Son 20 dakikaya bakarsak, atlattığı onca tehlikeden sonra Beşiktaş’ta üç puanlık sonucun daha da değer kazandığını görebiliriz. O nedenle ne kadar sevinseler az!
KAZANAN HAKLIDIR / BİLAL MEŞE
Yayıncı kuruluşta, maç öncesi, Feyyaz Uçar’ın Beşiktaş Hollandalı yıldızı Weghorst ile ilgili yaptığı yorumlar çok hoşuma gitti. Hani derler ya, golcü, golcünün derdinden anlar! Uçar, “Böylesi bir silahınız varsa ki var, onun tüm yönlerinden yararlanmak gerekir” dedi. Başka bir benzetmeyle, “Onun etinden, sütünden yararlanacaksınız” demeye getiriyor Uçar.
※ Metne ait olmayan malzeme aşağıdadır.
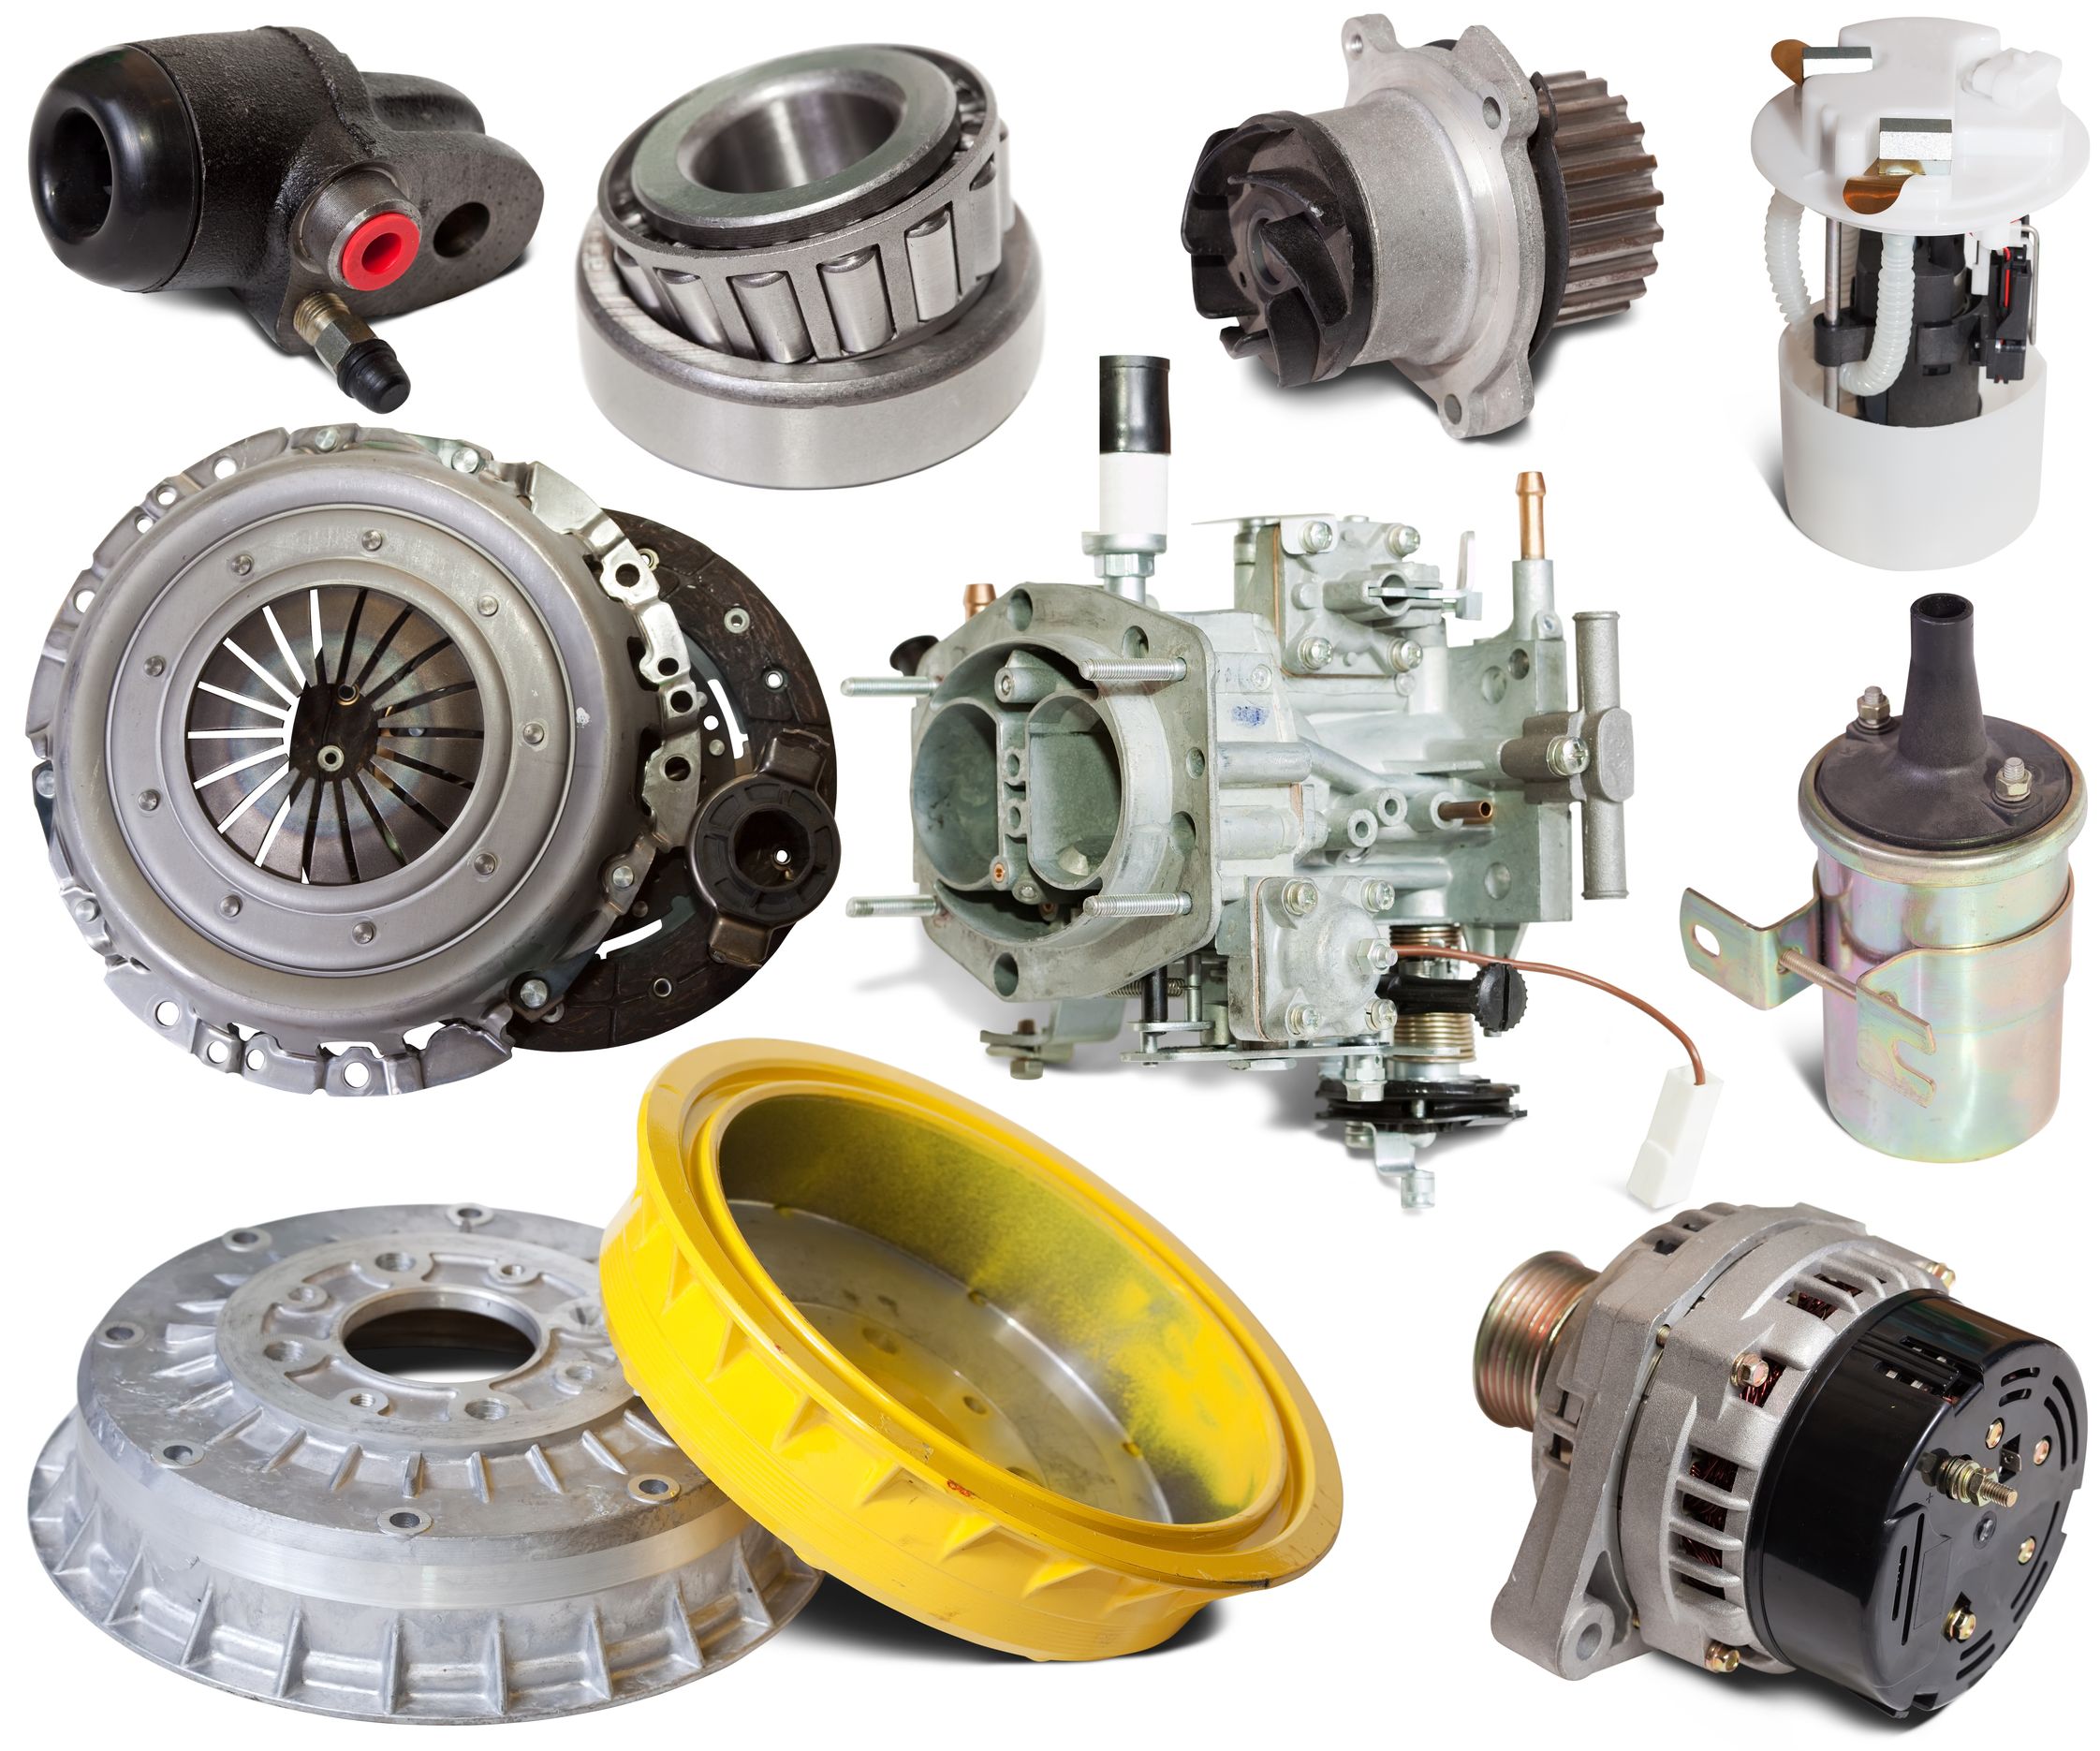 Essential Considerations to Get the Perfect Chicago Auto Parts

Souza ve Rosier’in olmayışı, Güneş Hoca’yı farklı on bire zorladı. Valla, Rosier’in yerine Tayfun Bingöl’ü tercih etmesi doğru bir karardı bence. Artı Redmond, öyle sanıldığı gibi boş bir oyuncu değil... Çabuk, teknik, üstelik mücadeleden kaçmayan, saklanmayan bir oyuncu... Topu kazandığında direkt rakip kaleye gitme arzusu da artısıdır bence.
Hani istatistikler var, malum... Topla oynama yüzdesi bir ara 75’e 25 Kartal lehine idi. Gelin görün ki, bu rakamlar pozisyon üretimiyle pek de örtüşmüyor.
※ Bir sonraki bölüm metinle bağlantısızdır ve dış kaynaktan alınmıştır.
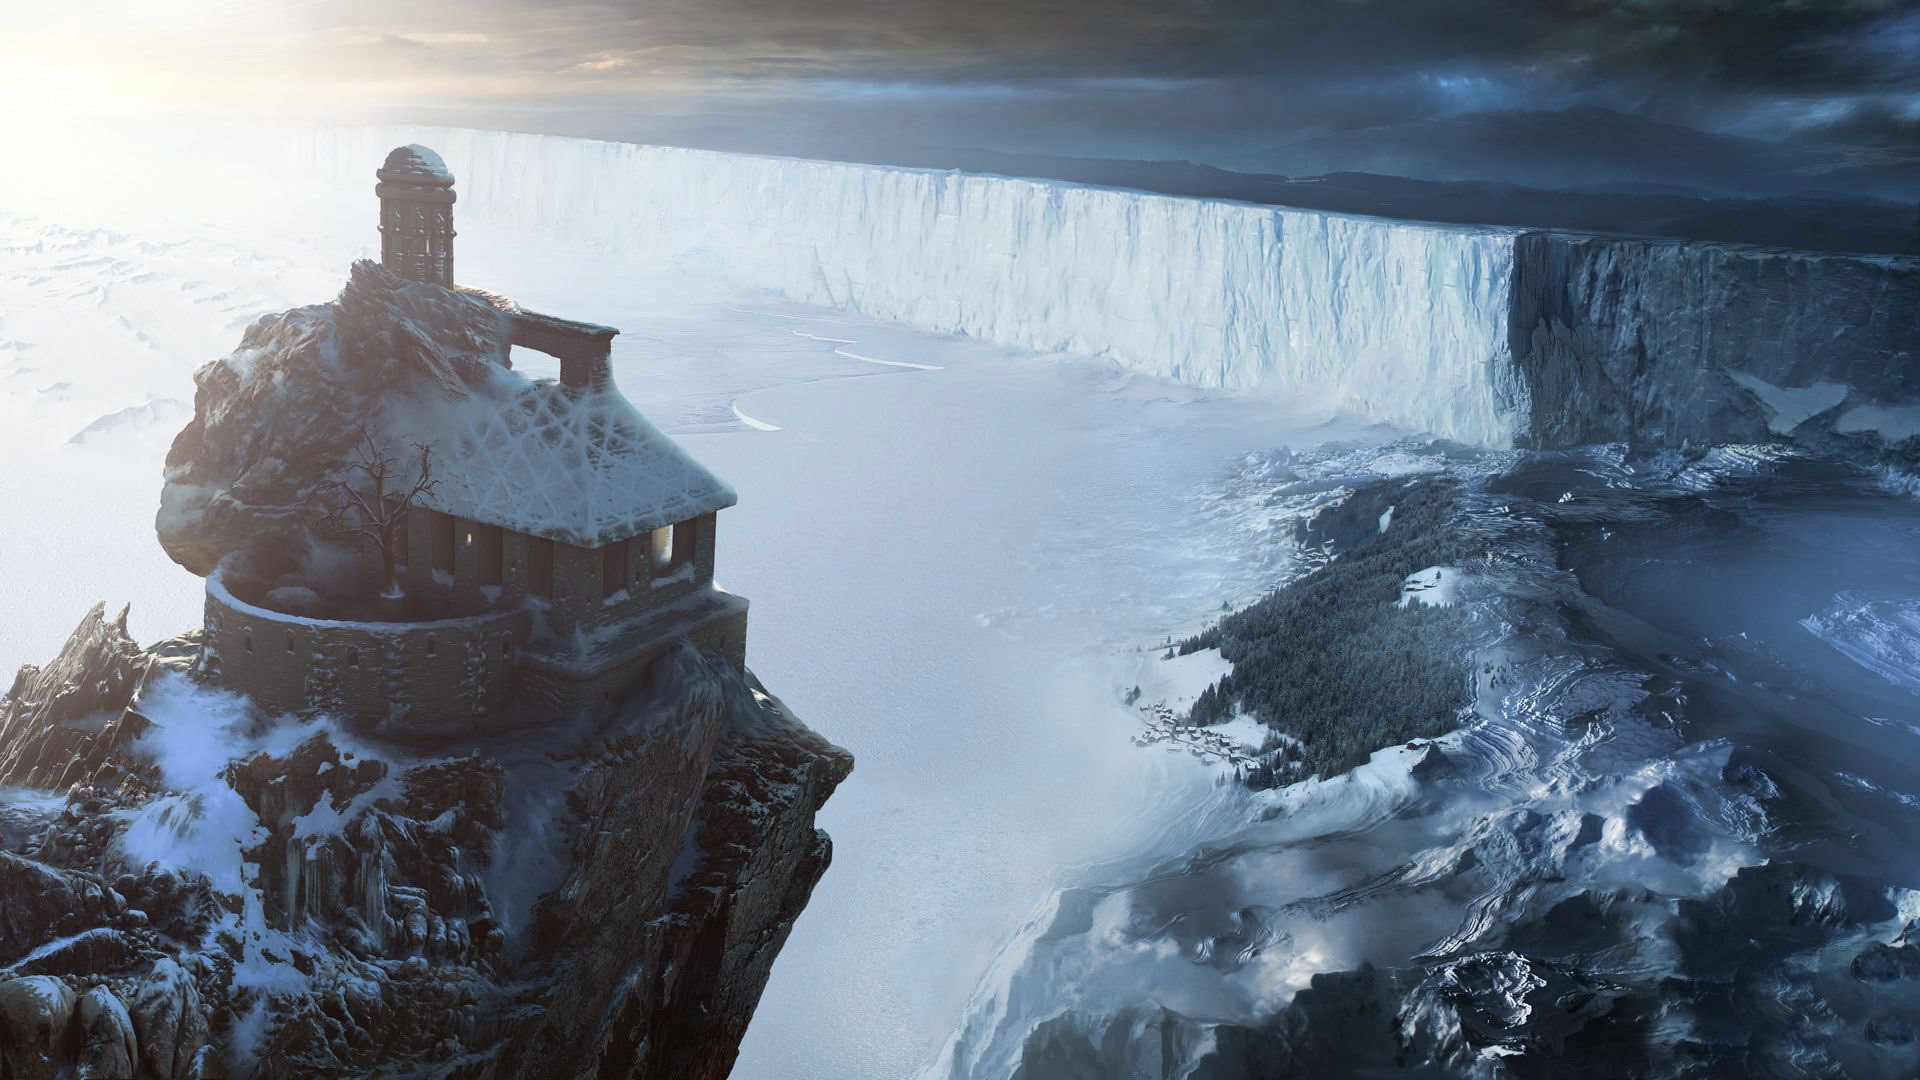 Game of Thrones wallpaper 1920x1080 ·① Download free cool ...

Demem o ki, topla oynayan Beşiktaş, net iki pozisyon üreten ancak Mert’e takılan Kasımpaşa! Biri Ouanes, diğeri ise Fall... Üstelik ikisi de net... Ama tecrübe var kalede kardeşim, tecrübe...
Gedson ile birlikte yan yana oyanan Salih Uçan, 28’de Cenk Tosun’u aşırtma bir vuruşla ceza alanı içinde topla buluşturdu, tecrübeli golcü, Ertuğrul’a rağmen topu fileleri gönderdi.
Neyse, gelelim uzatma dakikalarına... Cenk Tosun, Hadergjonaj tarafından formasından çekildi, düştü, ne Zorba Küçük’den ne de VAR’dan tık yok, tık! Bana göre mi buz gibi penaltı, lami - cimi yok!
Ve 45 artı 6’da Redmond, soldan ceza alanına hareketlenen Weghorst’un koşu yoluna topu yuvarladı, tecrübeli futbolcu soluyla gelişine vurdu, Ertuğrul’un kapadığı köşeden topu filelere gönderdi.
Evet, Kartal, kritik bir virajı, iş kazası yaşamadan döndü, dönmesine de taraftarlar ve ekran başındakiler dokuz doğurdu, dokuz!
Hiç kimse alınmasın, düzgün giden Kartal’ın oyuncu hamleleriyle tekerine taş koymak nerden çıktı! Atiba 69’da kaptırdığı topu, Ahmet Engin’in kafa şutuyla gole dönüştü, bu birrr... Muleka, güya Cenk’in yerini dolduracak, olmaz! 76’da Muleka yakın mesafeden topu kafayla Ertuğrul’un kucağına attı, bu da etti size ikiii! Demem o ki, hani oyuna giren, bir şeyler yapar amenna.... Ne katkıları oldu sorarım Allah aşkına?
İkinci, Ahmet Engin’in golüyle ümitlenen Kasımpaşa, sahasına kapanan Kartal’ın üzerine gitti, fırsatlar yakaladı. Ne var ki Mert ve savunma, bu bindirmelere gol imkanı tanımadı.
Tabi ki Weghorst, 66’da altı pastan topu Ertuğrul’a teslim ederken, uzatmanın son saniyelerinde ise çaprazdan vurduğu şut, tecrübeli kaleci tarafından kornerle önlendi.
Maç bitti, bitmesine ancak bir seyirciye sorun, bir de bize! Eee, ‘kazanan haklıdır’ diyeceğiz mecburen!